I can hear a few touches of influences from.some.folkloric songs. I miss a bit of material development, I understand it’s a simple form, but maybe try to avoid to have too many repetitive elements within too little time. I suggest trying some variations in rythm towards the last third of the piece or so, or new harmonic changes. Focus specially on the accompaniment.


----------



## Phil loves classical (Feb 8, 2017)

Sounds to me the left hand accompaniment chords does not always harmonize with the right hand on certain beats.


----------



## martonic (Feb 13, 2018)

Thanks for the feedback! 

The ones posted so far are Advanced Elementary, Early Intermediate and Intermediate compositions intended for students. As time permits I will post more at this level, some easier ones, and also some more complex and advanced pieces.

Recording them is certainly a challenge!


----------



## Zeus (Jan 6, 2018)

martonic said:


> Thanks for the feedback!
> 
> The ones posted so far are Advanced Elementary, Early Intermediate and Intermediate compositions intended for students. As time permits I will post more at this level, some easier ones, and also some more complex and advanced pieces.
> 
> Recording them is certainly a challenge!

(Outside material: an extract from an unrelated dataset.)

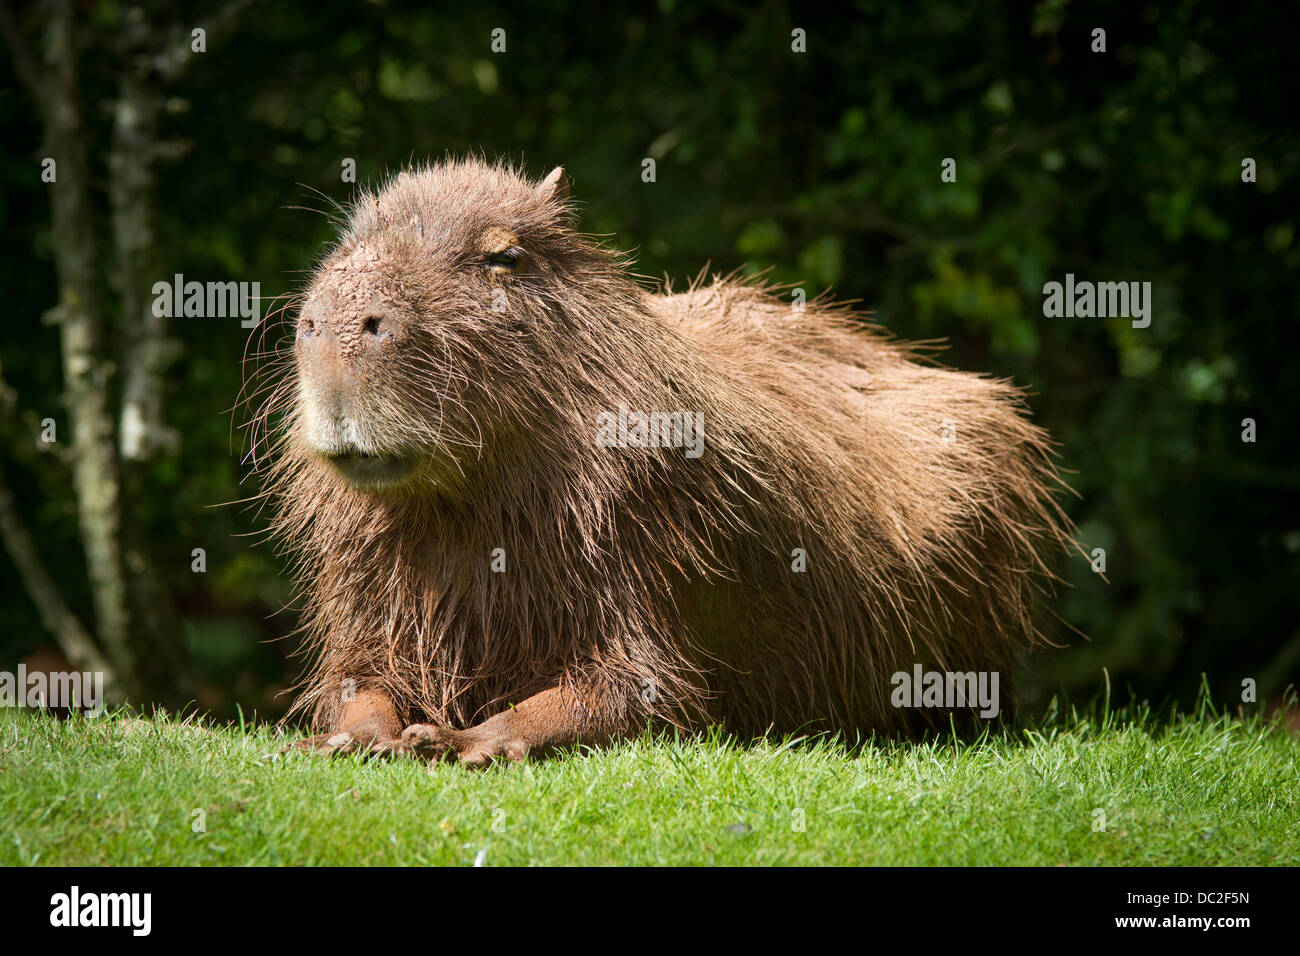 A South American Capybara (Hydrochaeris hydrochaeris) the worlds largest living rodent, sat down on grass. Stock Photo

Hello. What distinguishes Advanced Elementary composition, from Early Intermediate, and Intermediate compositions? I am not a professor, but I believe everyone is always in a learning process, and complexity doesn't matter so much in music.


----------



## martonic (Feb 13, 2018)

It is not an exact science, but students progress from beginning through elementary and intermediate levels and some of them continue to advanced. The criteria for difficulty include tempo, rhythmic complexity, keyboard range, overall length of a composition, the sheer number of notes to be played and more. For instance, scale passages with one note at a time are much easier than scale-like passages in thirds, sixths or octaves. Big jumps are hard to play, and they get harder as notes become intervals and then chords. Accidentals also increase the difficulty. Finally, some passages are just trickier than others and are harder to learn or play because of that.


----------



## martonic (Feb 13, 2018)

I am going to start over in a few days with a digital audio recorder. I am compromising too much to try to minimize the awfulness in the recording quality resulting with the use of budget equipment.


----------



## martonic (Feb 13, 2018)

New recordings with improved hardware. New version of "The Departure". More tracks to come.

The collection is here:

__
https://soundcloud.com/

All feedback more than welcome.


----------



## Phil loves classical (Feb 8, 2017)

martonic said:


> New recordings with improved hardware. New version of "The Departure". More tracks to come.
> 
> The collection is here:
> 
> ...


Is that the same piece as before? The Departure sounds a lot better now, or at least I follow the music better. The modulations work very well. Plus you made it worth the whole length of the piece.


----------



## martonic (Feb 13, 2018)

Thank you so much. I updated the score using the feedback I got from you and Zeus here.


----------



## nikola (Sep 7, 2012)

Phil loves classical said:


> Sounds to me the left hand accompaniment chords does not always harmonize with the right hand on certain beats.


You hear it wrong, of course. Nothing wrong with his LH accompaniment chords. You could at least mention about what piece you're talking about.


----------



## Phil loves classical (Feb 8, 2017)

nikola said:


> You hear it wrong, of course. Nothing wrong with his LH accompaniment chords. You could at least mention about what piece you're talking about.


You may want to read all the posts in the thread before replying next time. The piece was updated, and was a single piece in the link previously. Martonic obviously had the skill to hear it and improve the piece.


----------



## nikola (Sep 7, 2012)

Phil loves classical said:


> You may want to read all the posts in the thread before replying next time. The piece was updated, and was a single piece in the link previously. Martonic obviously had the skill to hear it and improve the piece.


So, you obviously knew what you were talking about


----------



## Phil loves classical (Feb 8, 2017)

nikola said:


> So, you obviously knew what you were talking about


of course  Mr Hyde,


----------



## Captainnumber36 (Jan 19, 2017)

I listened to seize the day and found it rather baroque in style. I think the execution could be smoother though.


----------